>>>>>

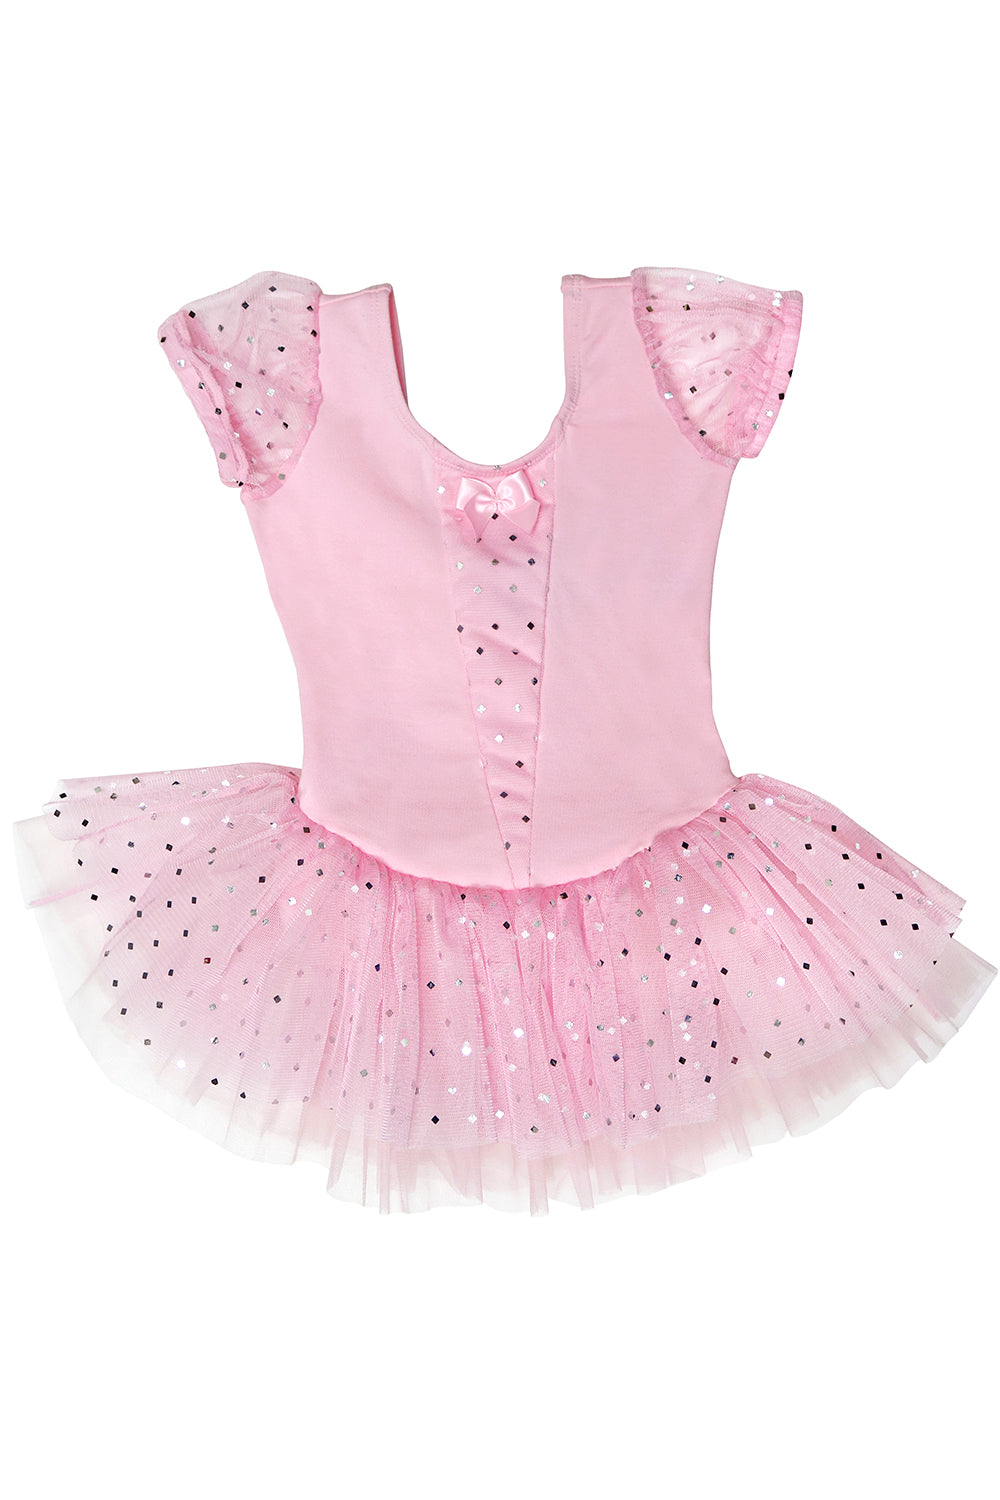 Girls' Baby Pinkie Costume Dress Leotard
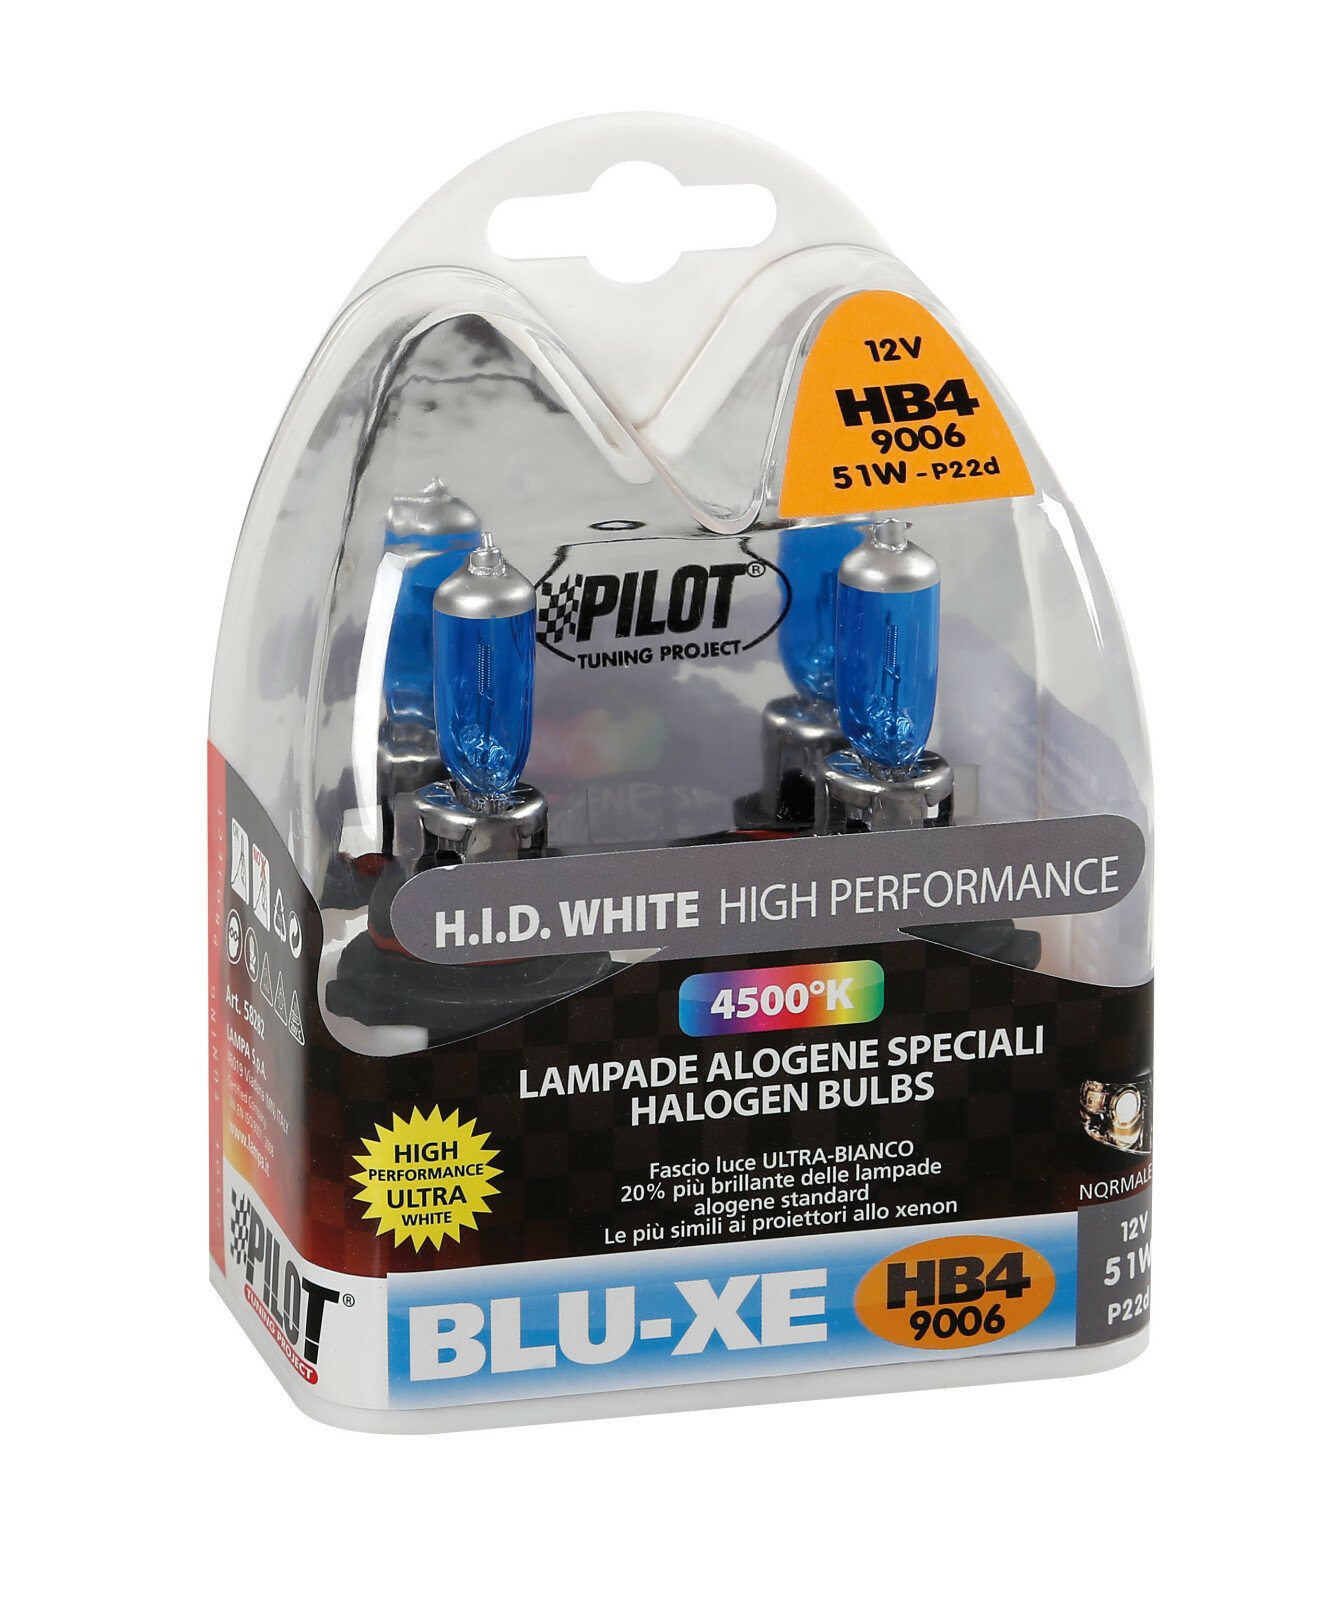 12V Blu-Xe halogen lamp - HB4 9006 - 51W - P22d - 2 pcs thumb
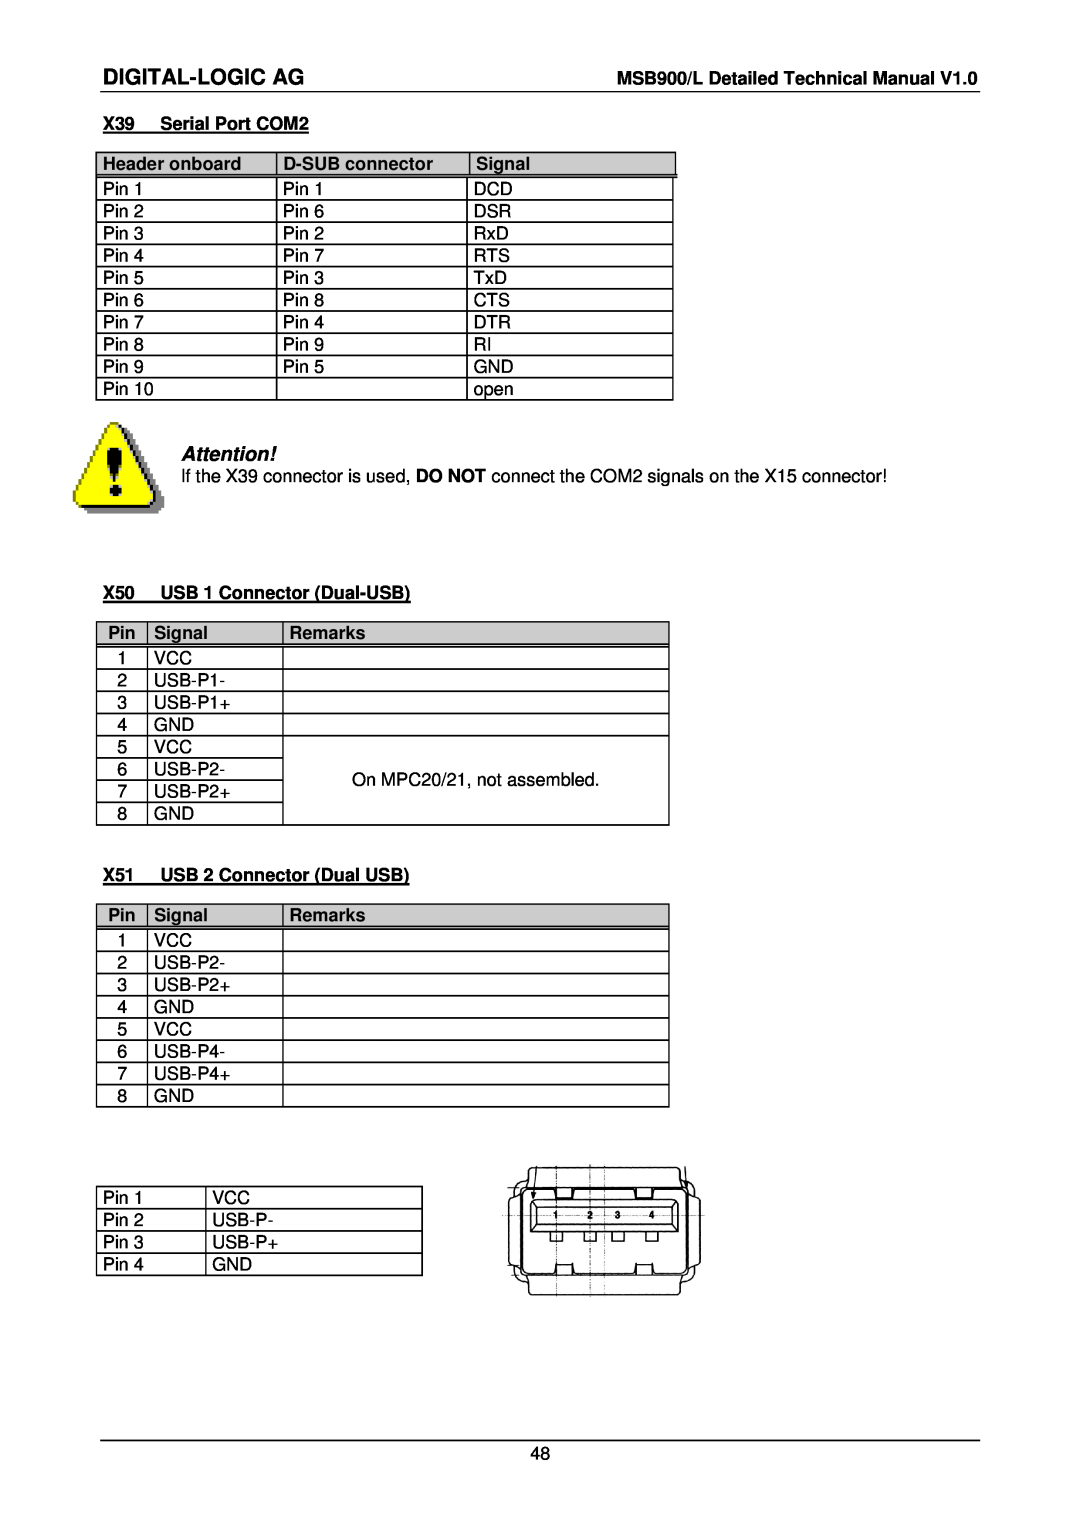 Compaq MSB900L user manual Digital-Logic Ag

<<<<<

### Assignment
Repeat all of the data above word for word, minus the pictures.

### Your solution
 Girls' Baby Pinkie Costume Dress Leotard
 12V Blu-Xe halogen lamp - HB4 9006 - 51W - P22d - 2 pcs thumb
 Compaq MSB900L user manual Digital-Logic Ag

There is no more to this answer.